When you reach the line containing "Логотип для интернет-магазина" in the records below, start copying exactly, and stop once you have copied the line containing "model wears yellow puff sleeved dress".

Supplied entries –
*** Begin section ***
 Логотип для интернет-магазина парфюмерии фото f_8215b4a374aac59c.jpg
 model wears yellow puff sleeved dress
*** End section ***
*** Begin section ***
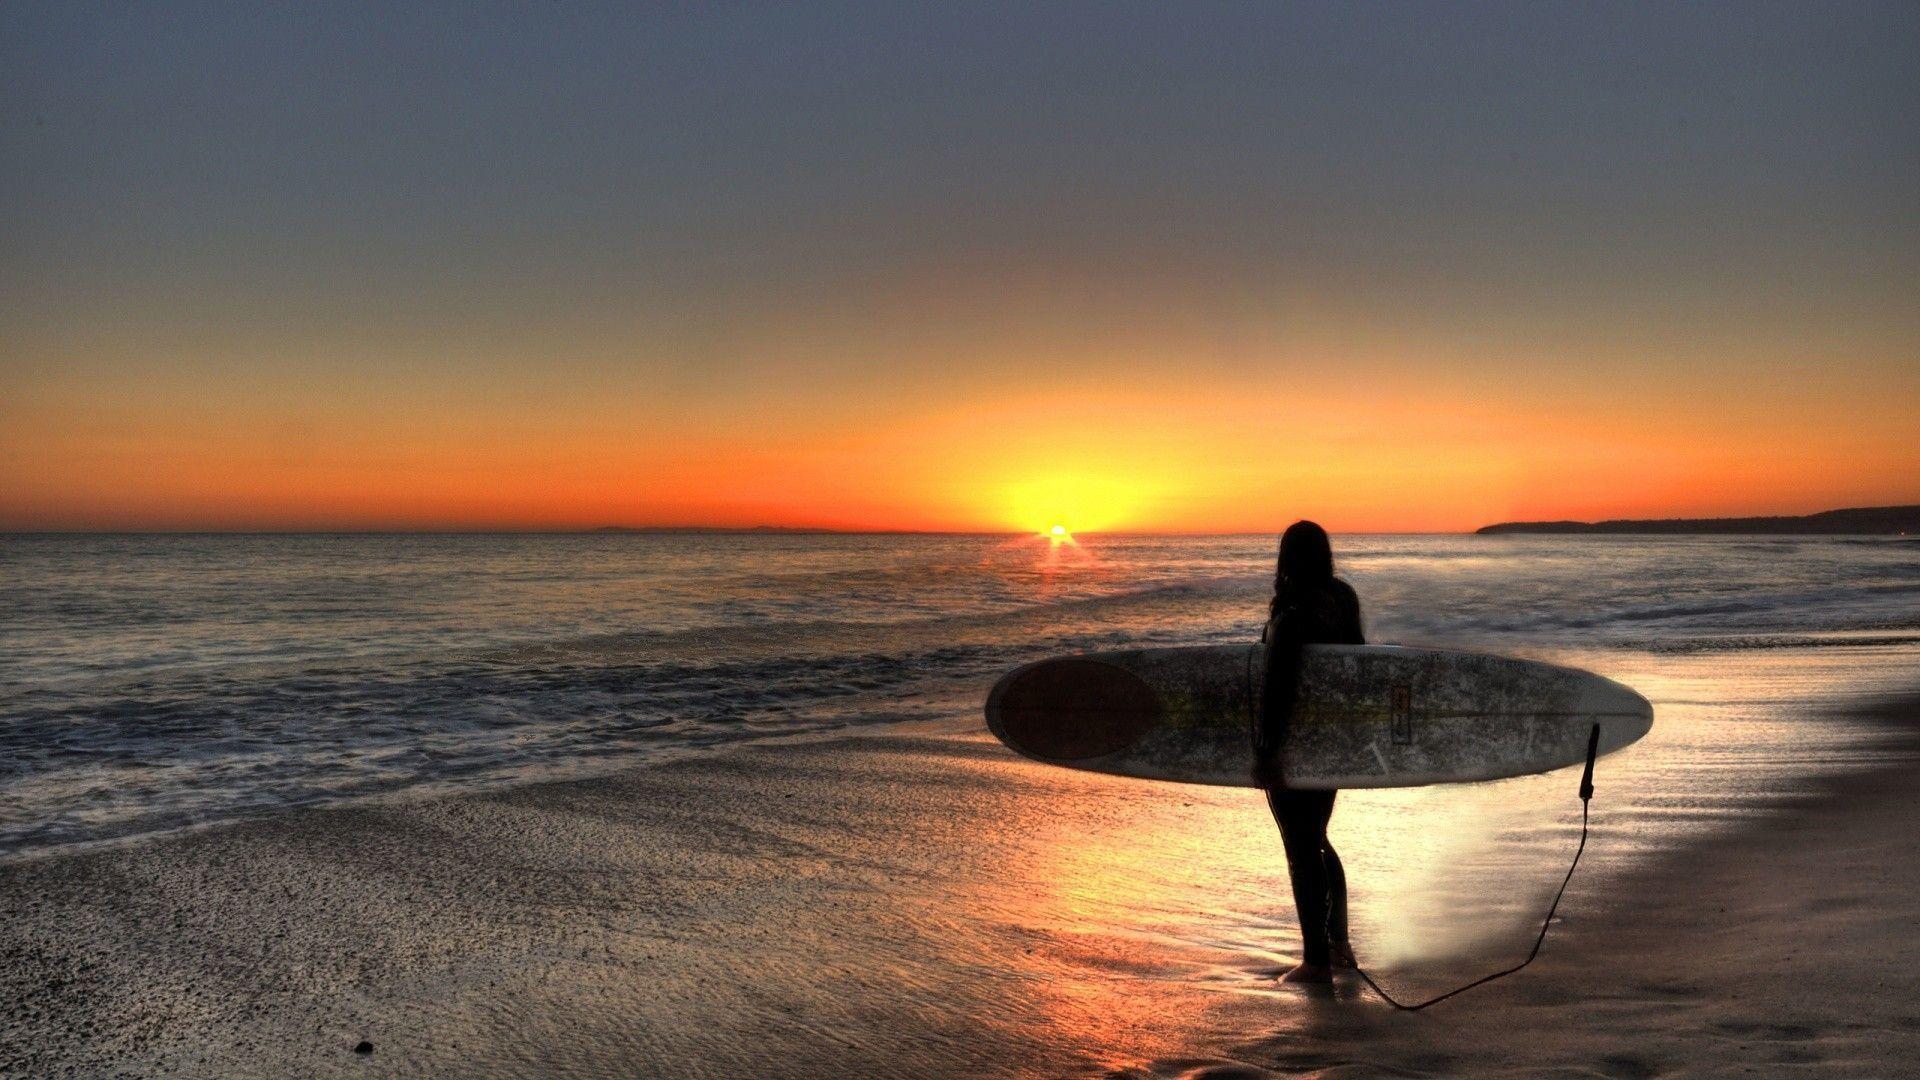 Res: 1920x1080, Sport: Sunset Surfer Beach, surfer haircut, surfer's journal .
*** End section ***
*** Begin section ***
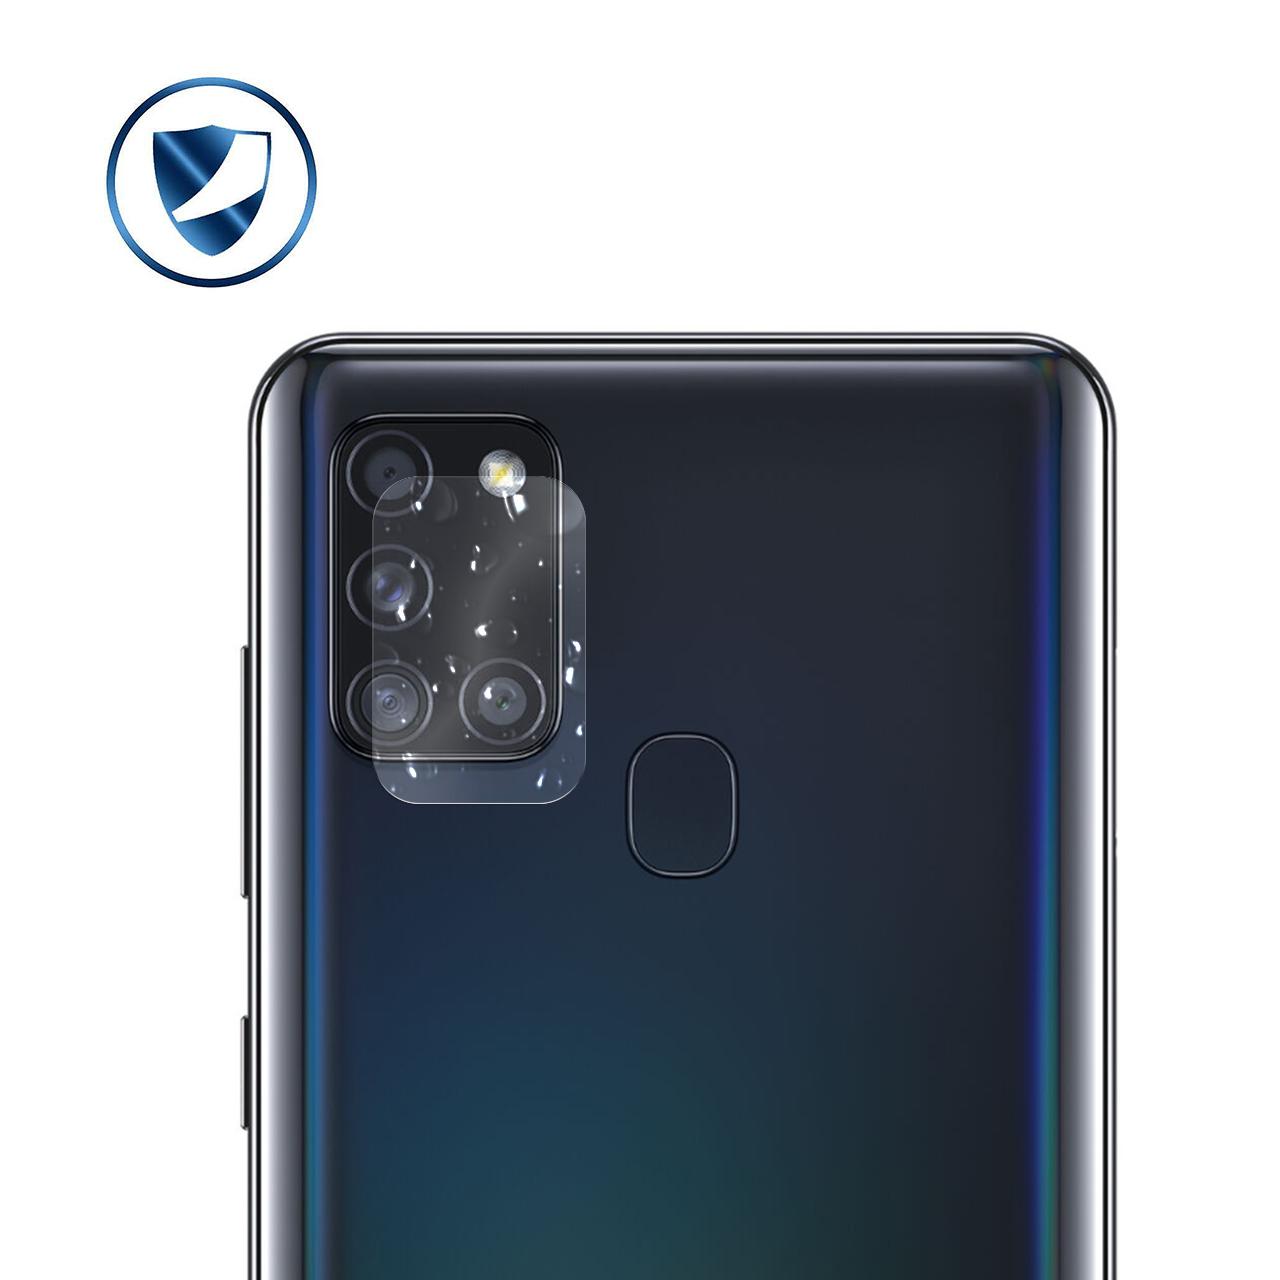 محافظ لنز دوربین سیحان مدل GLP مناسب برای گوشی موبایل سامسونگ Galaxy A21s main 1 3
*** End section ***
The answer –
 Логотип для интернет-магазина парфюмерии фото f_8215b4a374aac59c.jpg
 model wears yellow puff sleeved dress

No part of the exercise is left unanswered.